- Origin: Athens, Greece
- Genres: Symphonic metal; folk metal; female-fronted metal;
- Years active: 2016–present
- Label: Lion Music;
- Members: Chryso; Sergio Tellis; John Skalkotos; Nick Teteris;
- Website: chrysilia.com

= Chrysilia =

Greek symphonic metal band

Chrysilia is a symphonic metal band formed in Athens, Greece, in 2016.

==History==
The band was founded by musical actress and rock performer Chryso and composer/keyboardist Elias Pero (Sovereign), but eventually Chrysilia evolved to a band with a full debut album.

In the initial stages of the project, producer and multi-instrumentalist Bob Katsionis (Firewind, Outloud) played a major role in the formation of the band. He arranged and produced most of the album, together with Elias Pero, Jim Loop and John Skalkotos, and he also composed one of the album’s songs, "The Fifth Season", which is based on his solo work.

The debut album "Et in Arcadia ego" was released by Finland's Lion Music in October 2017. It is a concept album inspired by Arcadia (utopia) as it is depicted in the Renaissance. The album, having worldwide distribution, has been received with excellent reviews internationally, having been compared quality-wise to the likes of Avantasia, Ayreon, Eluveitie and Nightwish. It is regarded as one of 2017's best metal albums, based on the cinematic complexity behind apparently catchy tunes and characterized by Chryso's voice, that has been compared to the genre's best.
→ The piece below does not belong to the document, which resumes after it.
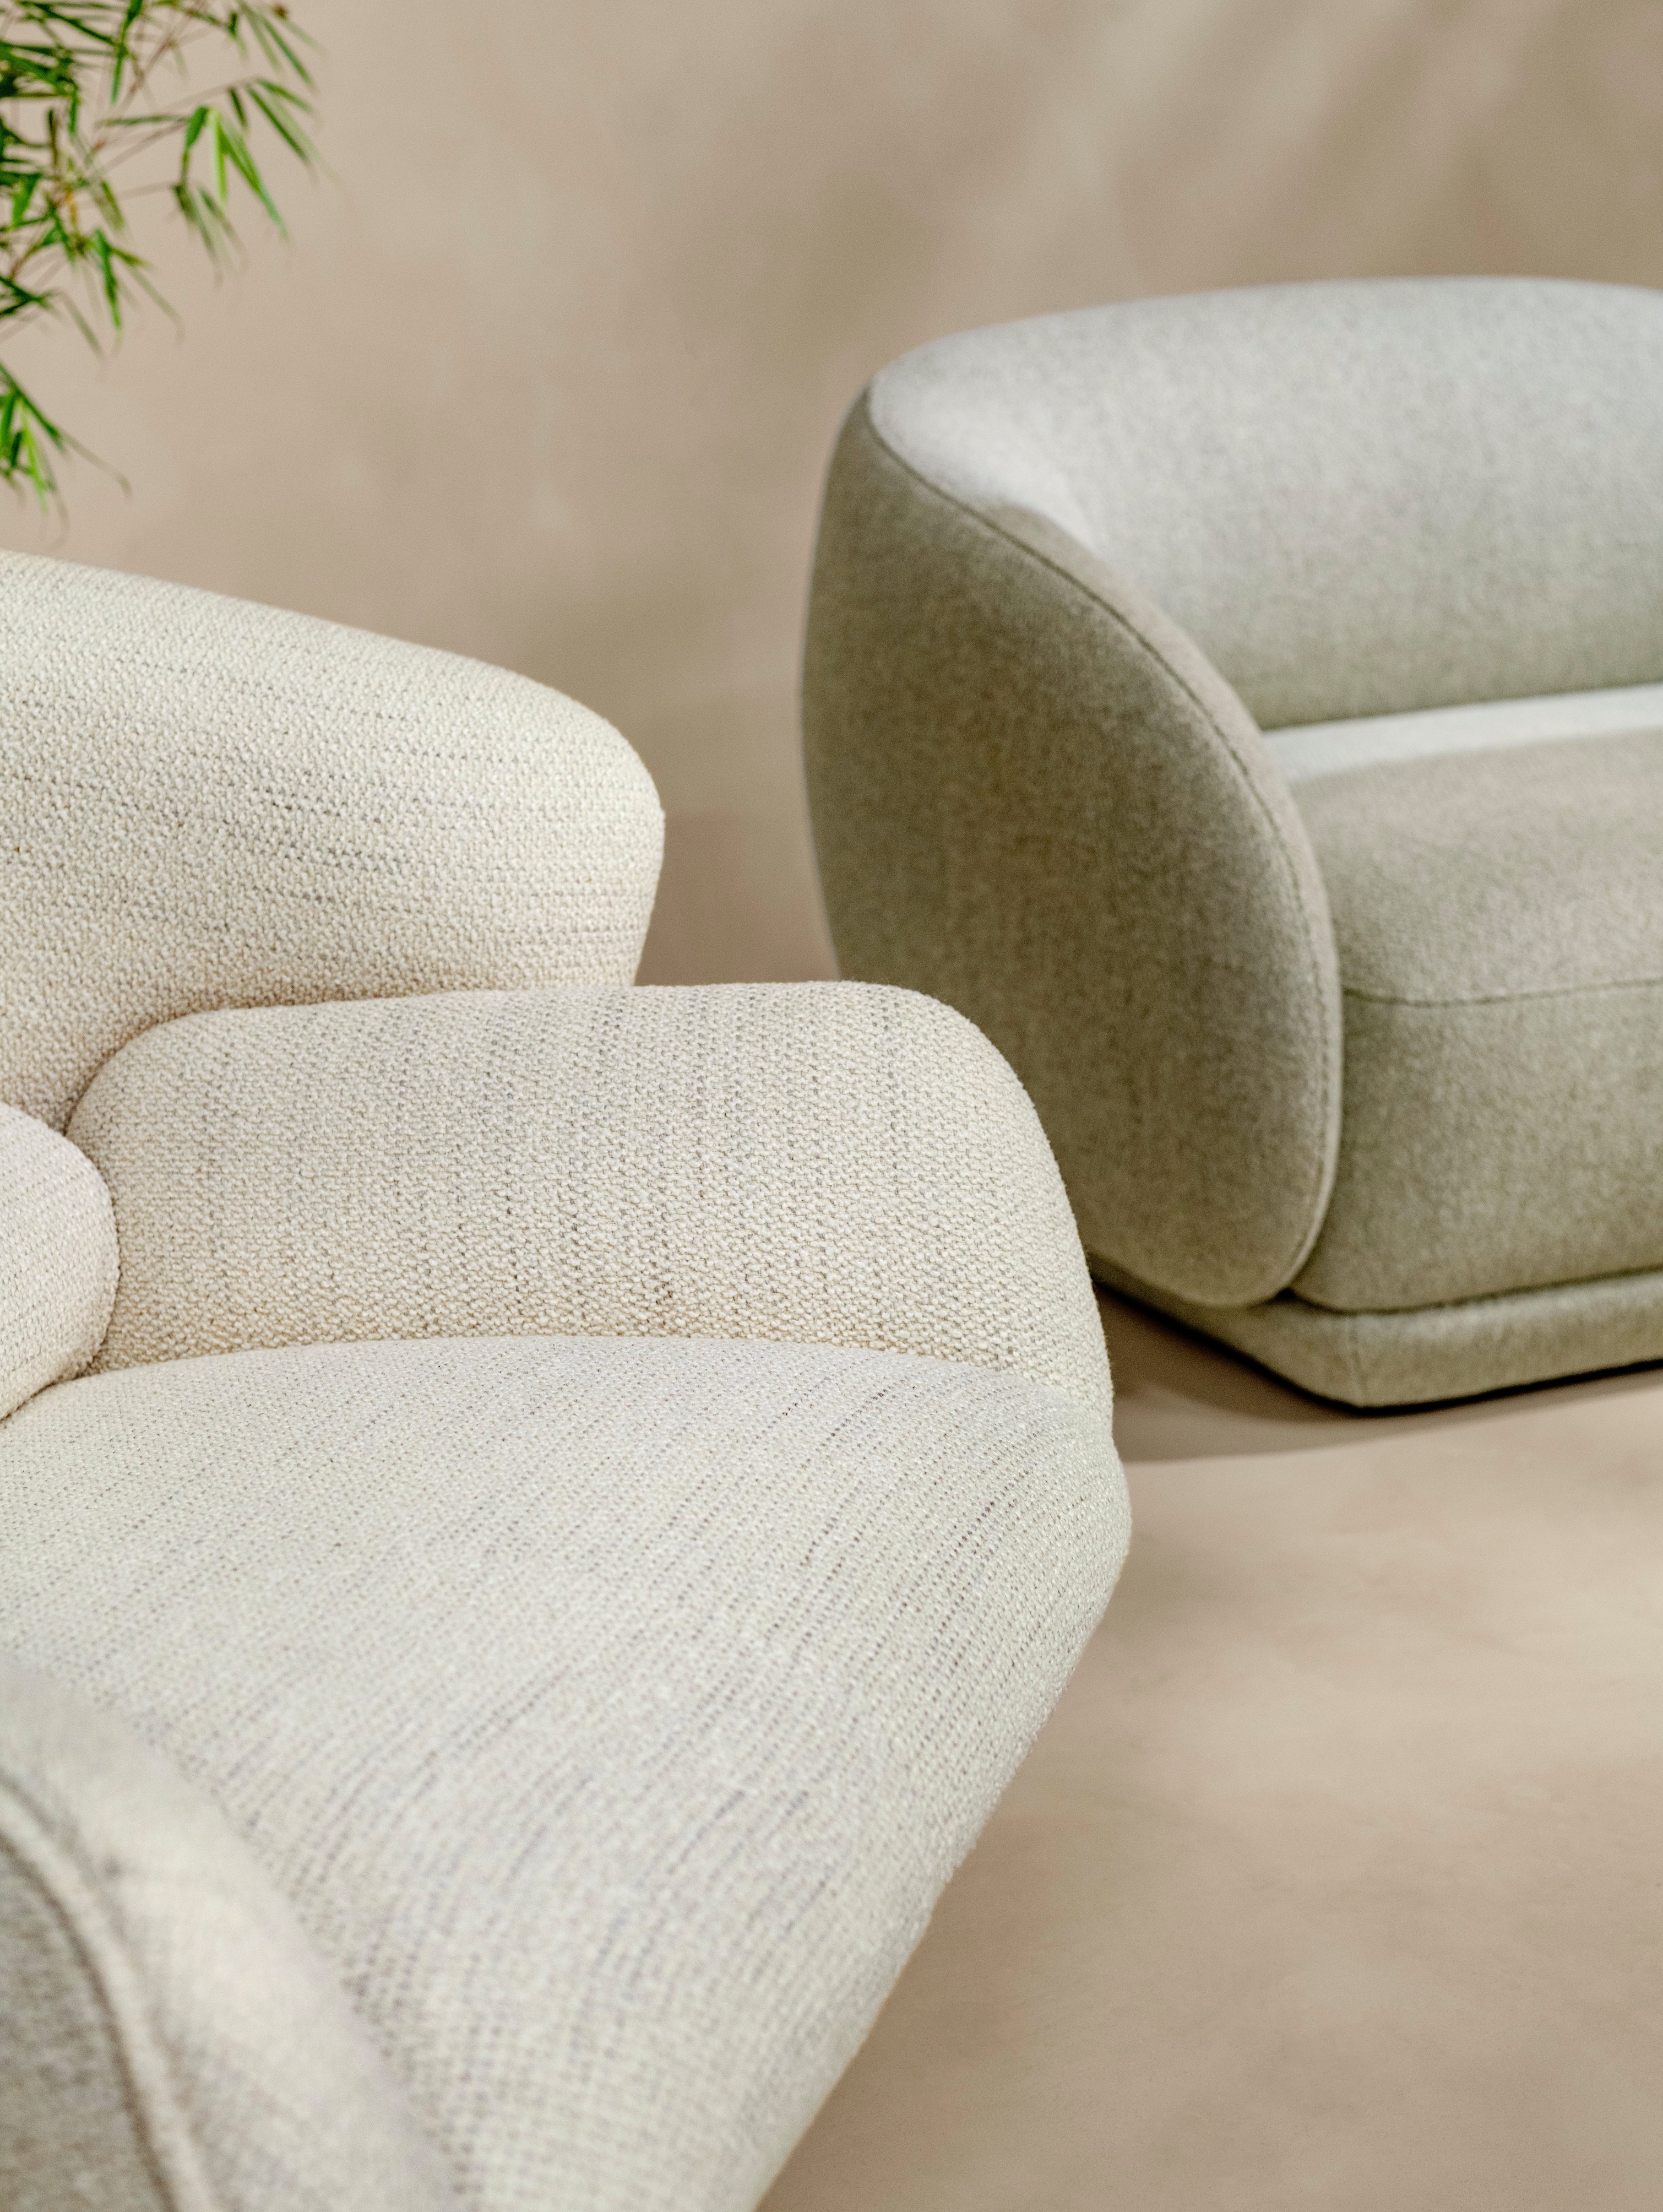 The Fusion chair in white Lazio fabric styled with the Bolzano chaise lounge in light green Lazio fabric.

In the album, Chrysilia paid their tributes to one of Greece's extreme metal flagships, Rotting Christ, covering a black metal track in an alternative, folk/symphonic way.

After the album’s live release event with progsters SL Theory, Chrysilia were invited to play live in prime shows in Greece and Europe, including Voices of the Mist in Athens and the FemME festival in Eindhoven, NL. Chrysilia's live shows have been praised as being dynamic, dramatic and professional. Chrysilia have chosen to visualize most of their songs, having five official video clips to date.

On December 6, 2018, Chrysilia was confirmed as a special guest for the Athens show of British rock legends Uriah Heep.

The band's line-up currently consists of Chryso, Sergio Tellis, John Skalkotos and Nick Teteris.

On December 12, 2019, the second full album was announced for a 2020 release, under the production of Devon Graves (Psychotic Waltz).

The first single “Dragunera: Act II” was released on November 20, 2020, accompanied by an official video.